◆ **What the task requires**: Images are to be dropped, and the rest of the data reproduced exactly.

◆ **Data section**:
--- --- ---
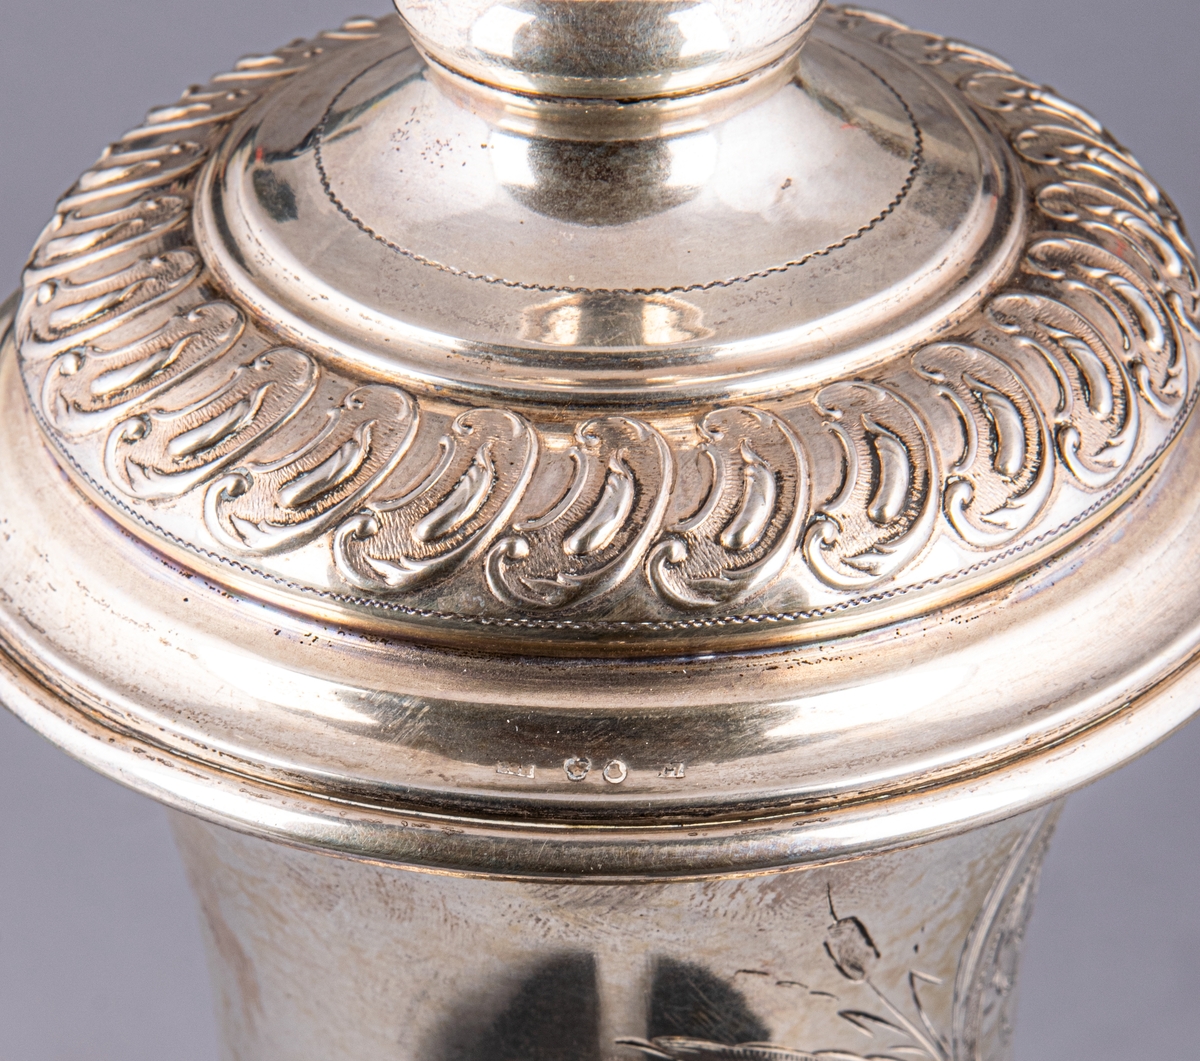 Pokal med lock, av silver. Stämplad: CGH, O, C7 (1905).
Inskription: IFK Hederspris till svenske mästaren i konståkning Karlstad 9/2 1908.
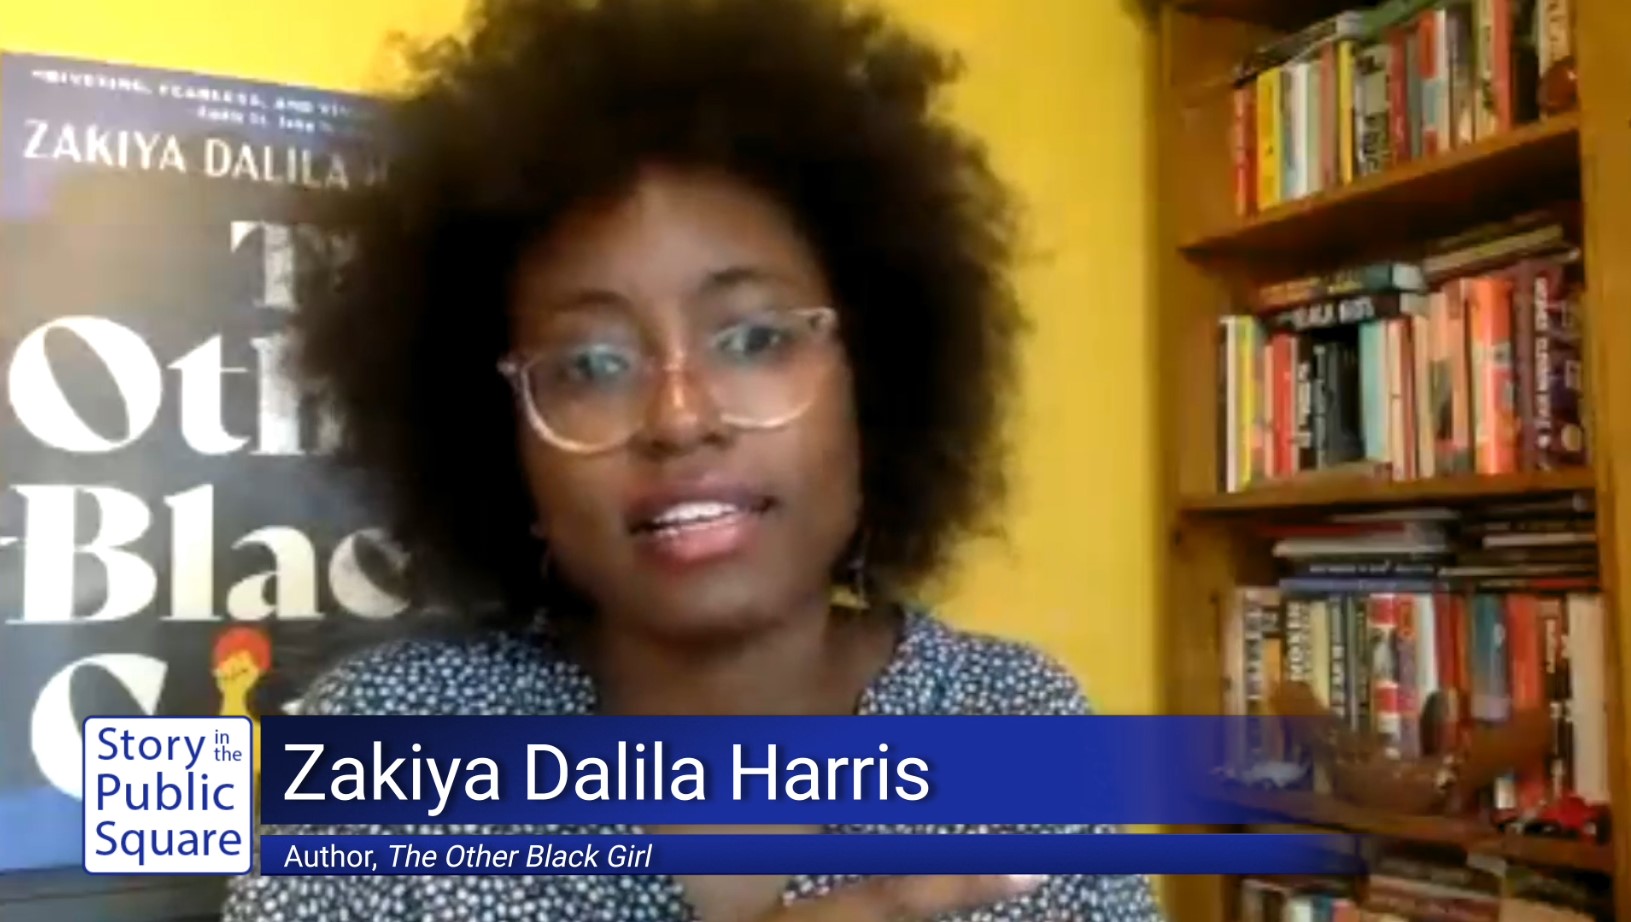 Zakiya Dalila Harris And Her Novel The Other Black Girl Pell Center
--- --- ---
◆ **Written response**:
 Pokal med lock, av silver. Stämplad: CGH, O, C7 (1905).
Inskription: IFK Hederspris till svenske mästaren i konståkning Karlstad 9/2 1908.
 Zakiya Dalila Harris And Her Novel The Other Black Girl Pell Center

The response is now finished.